Cyclists do it the hard way. The road west from Jimera gains 600 m in 14 km to the Puerto de las Arañas. The Lonsdale Wheelers club clocked 1 h 42 min “with gritted teeth and a 34-tooth cassette”. Gradient touches 14 % where the tarmac melts in summer; start before nine or the tyres sink into the surface.
What Passes for Groceries
There is no supermarket, only two despensas run from front rooms. One doubles as the bakery and opens when the owner hears the bell; the other sells tinned tuna, UHT milk and surprisingly good local wine at €3.20 a litre. Bring a rucksack: plastic bags are frowned upon and the nearest proper shop is 25 minutes away by train. ATMs are equally scarce – the solitary machine in Benaojan swallows cards for sport, so pocket enough cash in Ronda.
Eating (Without the Sunday Roast)
Bar-Mirador La Placita hangs off the hillside like a shipping container welded to the rock. Order a tostada (€1.80) and the barman hacks a loaf in half, grills it, then rubs it with tomato, olive oil and – unless you protest – enough garlic to keep vampires honest. The terrace looks straight down the Guadiaro valley; buzzards circle at eye level.
For something more substantial, Inz Almaraz serves a three-course menú del día for €10. Expect soup or salad, grilled pork or chicken, and a slab of almond cake made with nuts from the village grove. Vegetarians get berenjenas con miel – aubergine chips drizzled with cane honey that taste like sweet-and-sour crisps.
Evenings belong to Allioli at the station. On Fridays a Belgian expat spins vinyl while pulling pints of Chimay. The kitchen knocks out burgers and chips for homesick teens; parents sit on the platform watching bats flicker under the lamp posts.
Seasons: When to Arrive, When to Run Away
April turns the surrounding hills an almost Irish green. Almond blossom is finished but wild gladioli line the railway trail and daytime highs sit at 22 °C – perfect for walking without drowning in sweat. Accommodation costs stay low because tour buses still believe the place doesn’t exist.
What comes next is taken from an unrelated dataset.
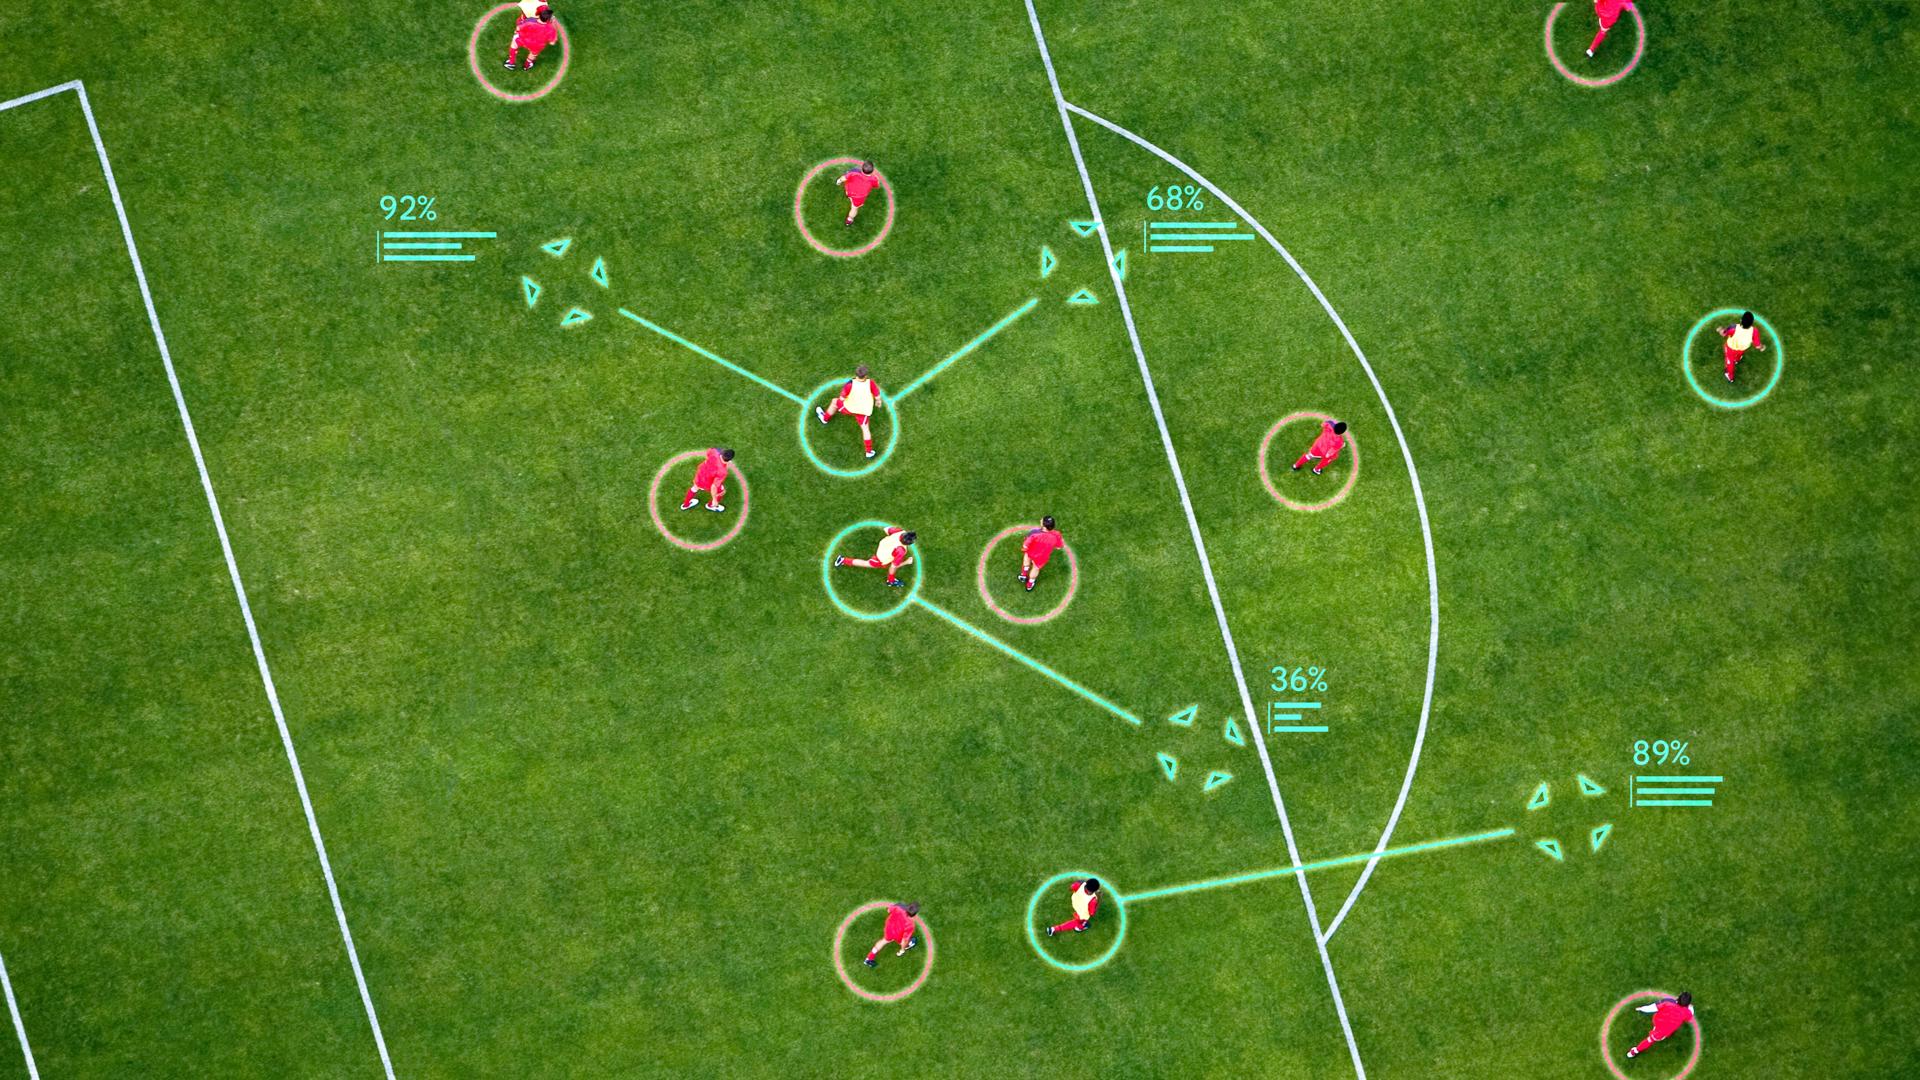 Ilustración de cómo TacticAI podría integrarse en el proceso de desarrollo de tácticas de fútbol en el mundo real. Crédito: Google DeepMind.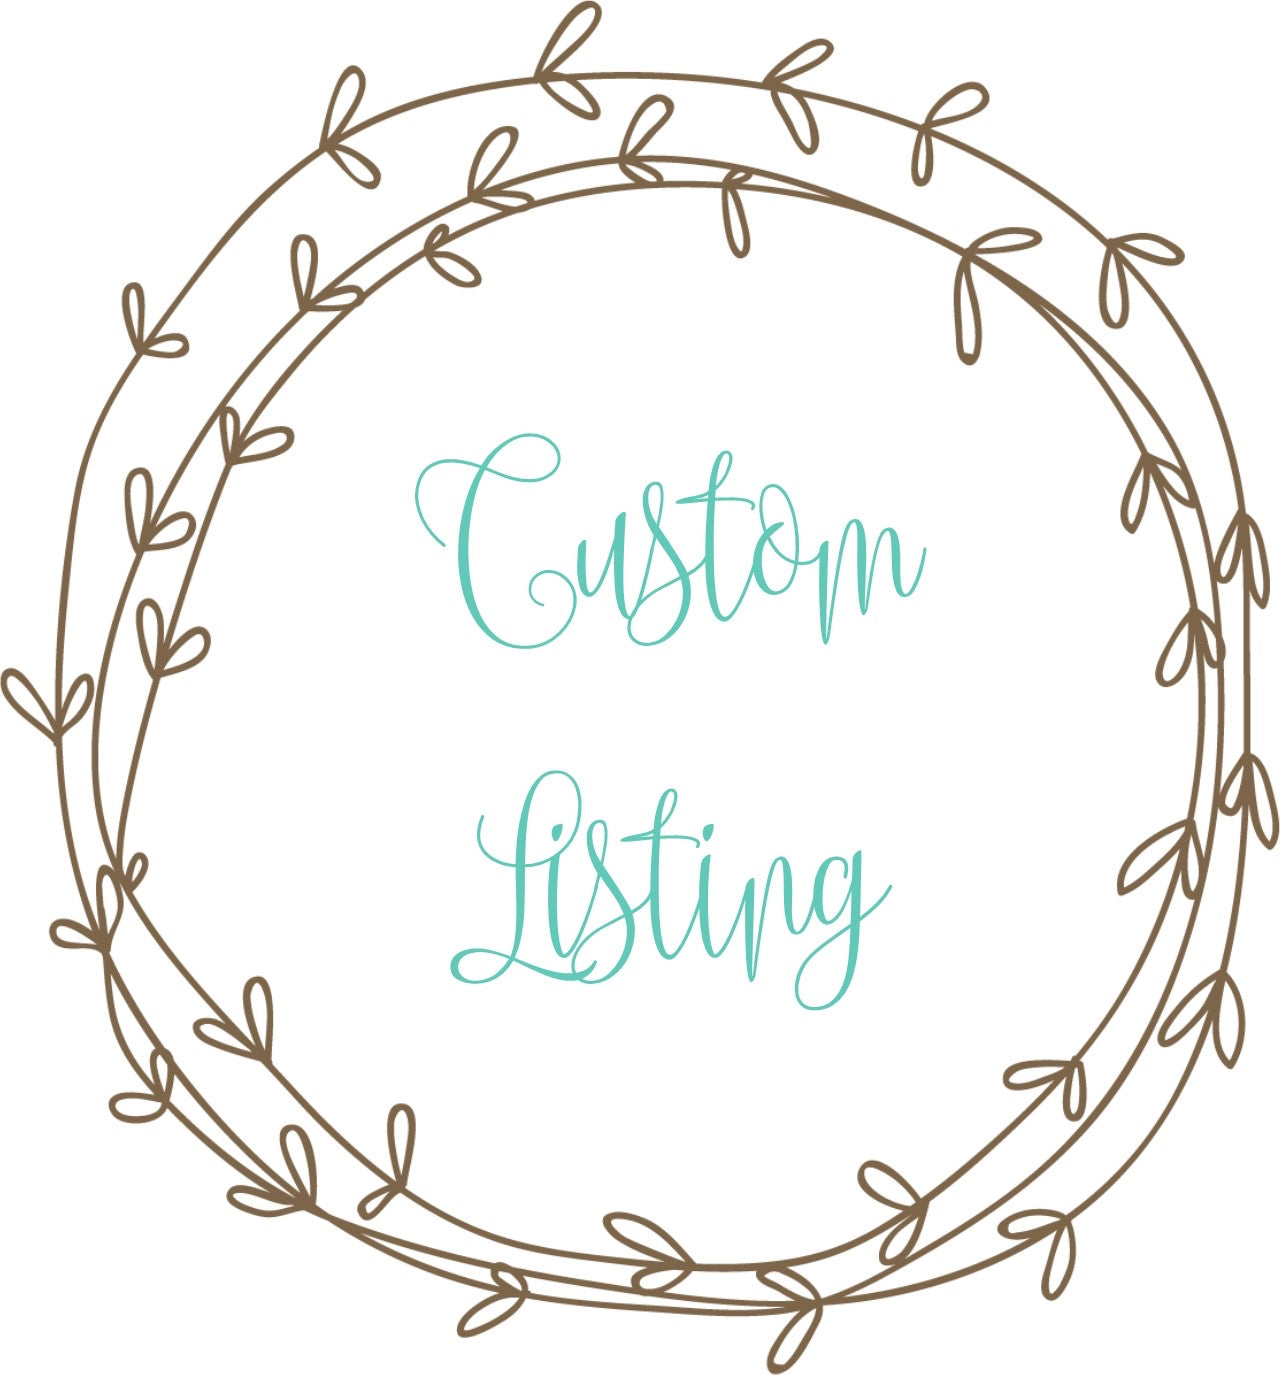 Custom listing for Erica

July and August are furnace months. The sierra blocks cooling sea breezes; by 11 a.m. thermometers read 36 °C and the river pool fills with shrieking teenagers from Ronda. Only mad dogs and British cyclists venture onto the roads after nine. If you must come, book a room with air-conditioning – nights barely drop below 24 °C.
October brings mushroom season. Locals emerge at dawn with wicker baskets and the knowledge of which níscalos won’t kill you. The light softens, shadows lengthen, and the village smells of wood smoke and wet limestone. Trains run half-empty and hotel owners start negotiations with a shrug.
Winter is quiet. Daytime temperatures hover around 14 °C, nights can touch freezing, and the white houses glow against leaden skies. Two cafés shut completely; the bakery opens “if it’s not too cold”. But the walking is superb – clear views to the coast 60 km away and absolute silence broken only by the 07:43 freight train clanking towards Algeciras.
Beds for the Night
There are no hotels, only four self-catering houses grouped under the name Casas Rurales de Jimera. Each sleeps four, starts at €70 a night and includes a roof terrace where you can watch the sun drop behind Benaojan’s cliffs. Sheets are provided, towels are thin, and Wi-Fi relies on a 4G router balanced on a broom handle – download films before arrival.
Camping is technically forbidden in the valley, though the Guardia Civil rarely hike up to check. Wild campers risk a €30 fine and the ire of goat farmers whose dogs bark through the night.
The One Thing You’ll Remember
It isn’t the church, the beer or even the brutal climb. It’s the moment the evening train pulls out and the village loudspeaker clicks off. Suddenly there is no traffic, no music, no chattering tourists – just the river below, the clang of a goat bell and the realisation that silence, like everything else here, arrives on a timetable. Miss it, and you’ll have to wait for the next train tomorrow.